Strong Latte, Outpost, South Yarra

This is Outpost. St Ali's new joint within spitting distance of South Yarra station. The dictionary app on my computer defines outpost as a small military camp or position at some distance from the main force, used especially as a guard against surprise attack. Let's take it from the top:small military camp or position - I guess if it has to be one of these it would be a position. Not a sexual position, if that's what you were thinking. More of a strategic position. Anyone who gets off (if you'll pardon the pun) at South Yarra at one of the easternmost platforms will surely be in firing range of wanting a coffee.
  • at some distance from the main force - St Ali being the main force, this is some distance from it. South Melbourne to South Yarra is not a lot of distance, but it is indeed some distance.
  • used especially as a guard against surprise attack - the whole thing appears to be made of glass. That's pretty dangerous. Not just in the sense that glass is actually a liquid, and building anything out of it is precarious as a result (the walls may be slightly thicker at the bottom about 2000 years from now), but glass is also dangerous. If there were a surprise attack, the military units stationed at the Outpost could just smash one of their walls, and have thousands of glass shards at their disposal. Or, more simply, the glass walls are so clean that you could deal with surprise attackers by standing on the other side with a sword and waiting until they run into the glass and knock themselves out one by one.
Come to think of it, the place looks a bit like those controversial glass shards that were never built at Federation Square, don't they? But this is how I like my glass shards: huge, hollow, not too pointy, and filled with coffee. There's a vague triangularness to the whole thing too. It's a giant prism. Shine coffee beans in one end, and it splits up into its respective flavours at the other.
Walking in, you are surrounded by coffee equipment. The kind of things you expect to see behind the counter. Essentially, the whole building is behind the counter, which faces outwards to its attackers on Yarra St. This, for me, inspires a mixture of "I'm part of the action", "I've walked in the wrong door", and, "I'm interrupting an important experiment, I should leave." I never quite figured out which was true. There wasn't a staff only sign.

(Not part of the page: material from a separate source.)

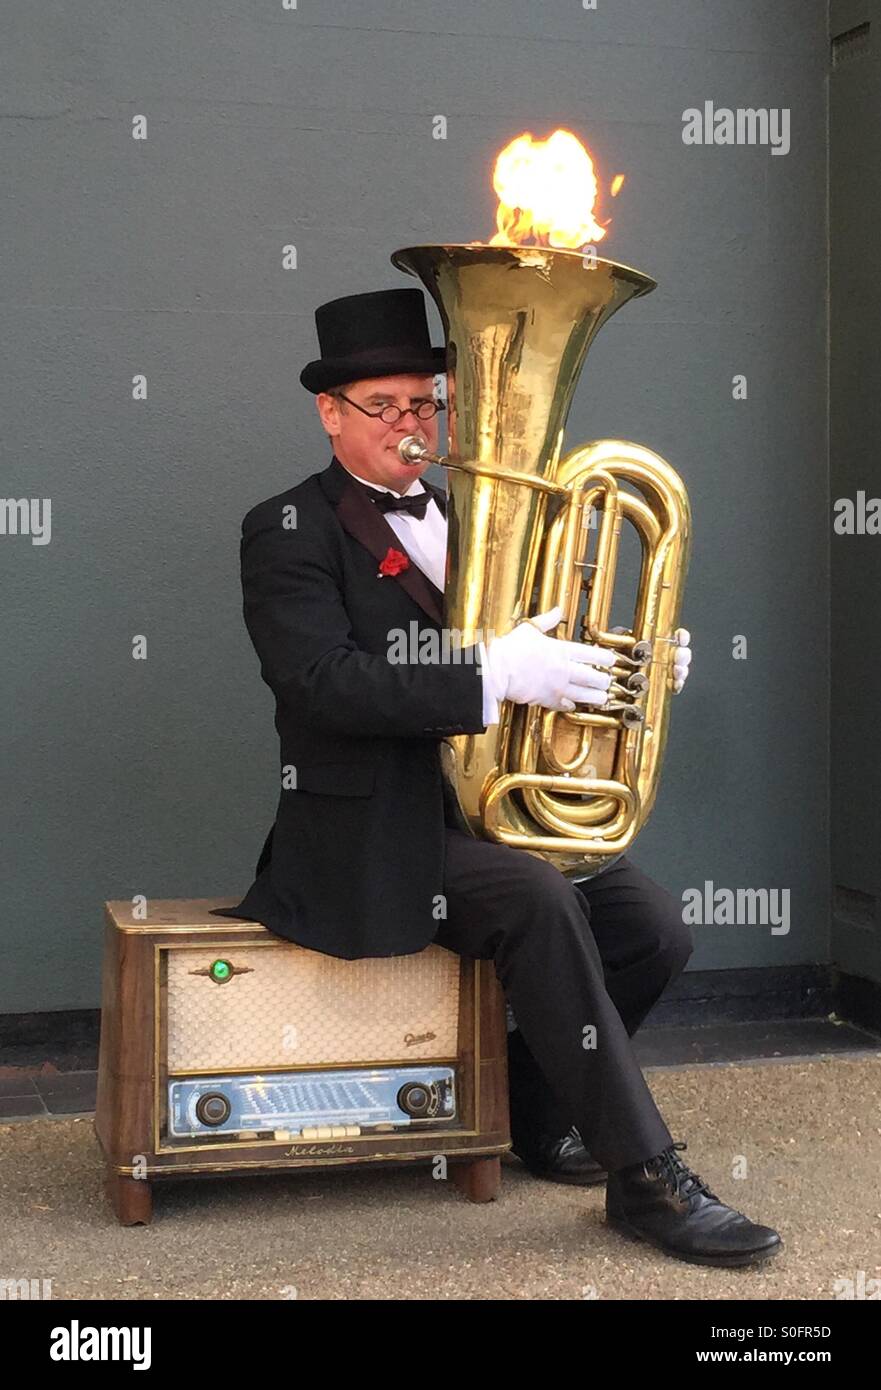 The man plays a tuba stock image. Image of background - 19553361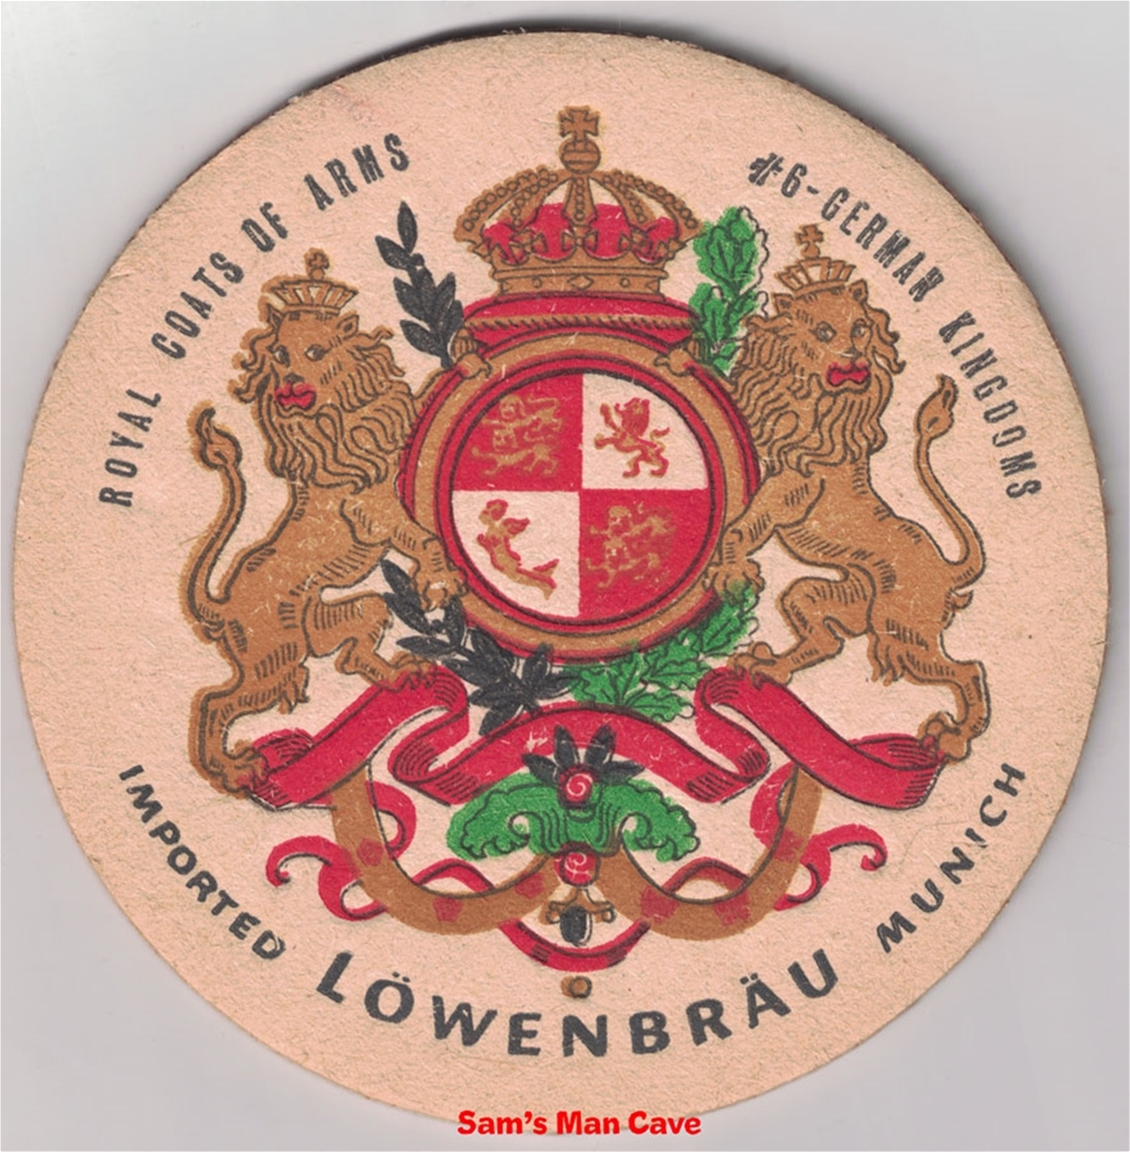 TWO  SIDED SHAPED BEER MAT COASTER LOWENBRAU MUNCHEN  PILS 6%

The coffee itself was, well, I never quite decided on that either. Was it excellent, or did it just taste like milk? It sure wasn't strong. I wish I could have compared it with the other guy who ordered a normal-ass latte just before me. I couldn't imagine it being less strong than the one I had.

Or maybe my imagination isn't what it used to be.

P.S. OMFG I just solved something that's been bothering me for ages. I customarily put two spaces between sentences. I'm always shocked when I read back over the blog that most of the time I've only left one space. It turns out I'm not mental: Blogger automatically changes them all to single spaces. Why does it do this?

2 comments:

  1. You may like to view the article at http://webtypography.net/Rhythm_and_Proportion/Horizontal_Motion/2.1.4/ for an answer to your postscript question.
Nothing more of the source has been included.